The Balanced Living Journal

Practical information for busy women from Women's Success Coach Catherine Bruns. Visit me also at www.coachbalance.com

Tuesday, October 24, 2006

Happy in Your Relationship?

I've been seeing a lot of couples in my counseling practice lately. I am always so glad when a couple comes through my door looking for help, because there are so many couples and families out there who are really struggling in the world.

Unfortunately many people tend to wait until there is some kind of crisis before they get help. And, really sad are the couples who come to me to end their relationship - when counseling or some type of assistance could have helped years ago.

I'm here to tell you that if there is trouble in your life or relationship, seek help now - don't wait until there is so much damage that repair is not an option.

How do you know to get help in your relationship? Here's what to look for:
  • there is any type of abuse - emotional, physical, etc
  • you are unhappy with your partner
  • you are fighting dirty - name calling, throwing objects, blaming each other
  • your sex life has changed
  • you or your partner has become distant
  • you feel like a roommate instead of an intimate partner
  • you have just had children and are adjusting to the change
  • there has been a shift in roles, such as one of you has become a stay at home parent
  • you have relocated
  • you are experiencing financial difficulties
  • you feel more grumpy or irritable with your partner than happy to be around him or her
Maya Angelou, wise woman of our times, says:

"If you have only one smile in you, give it to the people you love. Don't be surly at home, then go out in the street and start grinning 'Good Morning' at total strangers."

If you are treating those outside your home better than you are those inside, that's a sure sign to get help.

In most states, you have several options to get some great counseling. Here's the kind of professionals you can choose:
  • Clinical Psychologist - has a Ph.D, which means that they have trained for generally about 4-6 years to provide counseling and other helping services.
  • Marriage and Family Therapist - MFT - has a Masters degree and is trained specifically in the area of helping couples and families, though this profession can do more than that.
  • Social Worker - LCSW, QCSW, DCSW - has a Masters degree, and can focus in their training in multiple areas such as, community, medical, or clinical.
  • Licensed Counselor - has a Masters degree and has been trained to provide counseling in a general way.
  • Psychiatrist - MD, provides medication assessment and management and may sometimes provide counseling as well.
All the above professions may be licensed in your state, which means that the individual has taken at the very least a written test and has been supervised for a number of hours.
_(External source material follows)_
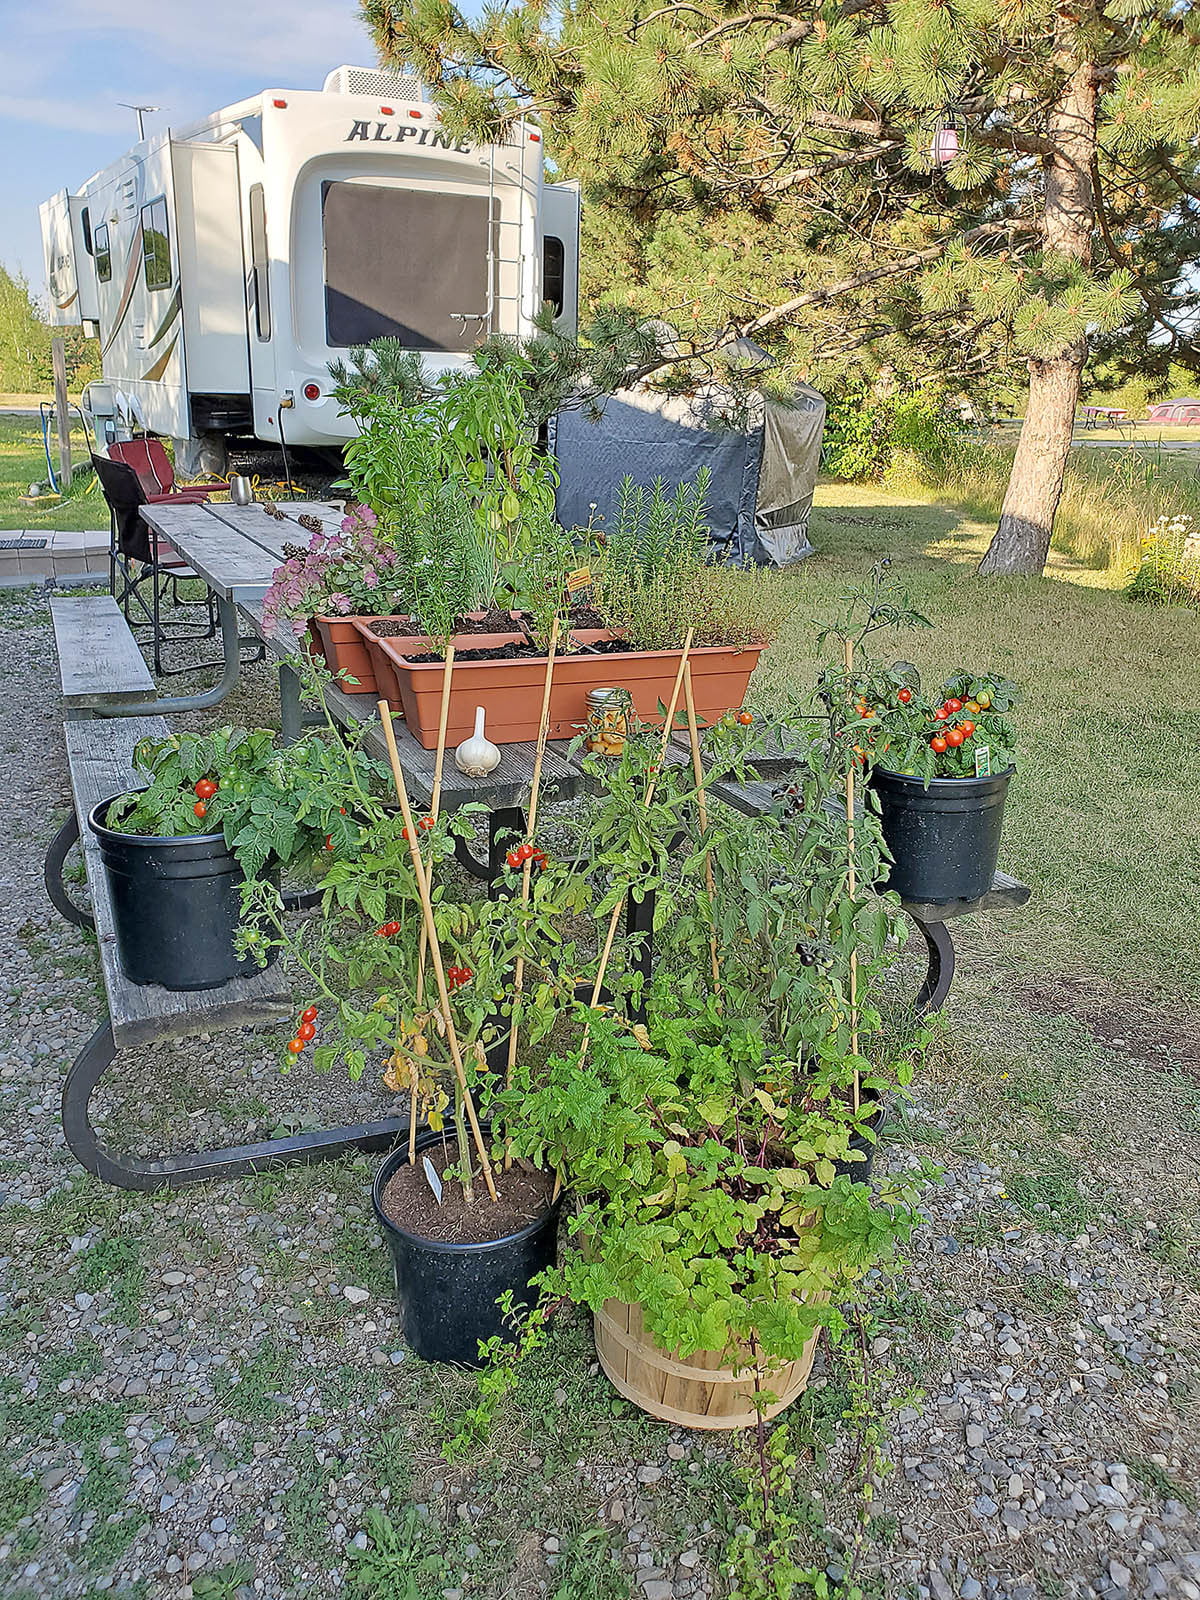 A vegetable garden with tomatoes, mint, garlic, and basil grows in planters beside a picnic table at a campground. Behind the vegetable garden is a camper trailer.

The best way for you to find a referral to a good counseling professional is to ask a trusted friend, family member or doctor. If you know someone who is happy with their counseling professional, that is a great endorsement. If you call a counseling professional and they cannot see you, for whatever reasons, ask that person for referral names.

What's important in choosing the right professional for you is how comfortable and confident you feel with that professional. Does that person understand you? Do feel like you are improving? Do you feel like you can ask questions and reject the counselor's ideas?

If you took your car to a mechanic's shop and it was not fixed well, then you would simply find another shop and keep going until the problem was fixed.

The same goes for fixing your relationship. If your first, or even second, experience with a counseling professional is not what you had hoped - keep trying until you find one that works.

I currently work with a couple who tried 3 other marriage counselors before they came to me. They say the other professionals were fine, they just weren't the right fit for them.

If you think you need help, then you do. Find the help, be happy in your relationship and in your life. You deserve it, and so does your partner.




1 Comments:

At 3:43 PM, Anonymous Anonymous said...

**Thank you** for including the story about the couple who saw several therapists before they found the right one for them. I have heard too many stories of people going to a therapist, not caring for the therapist and thus thinking couseling was not for them. So sad!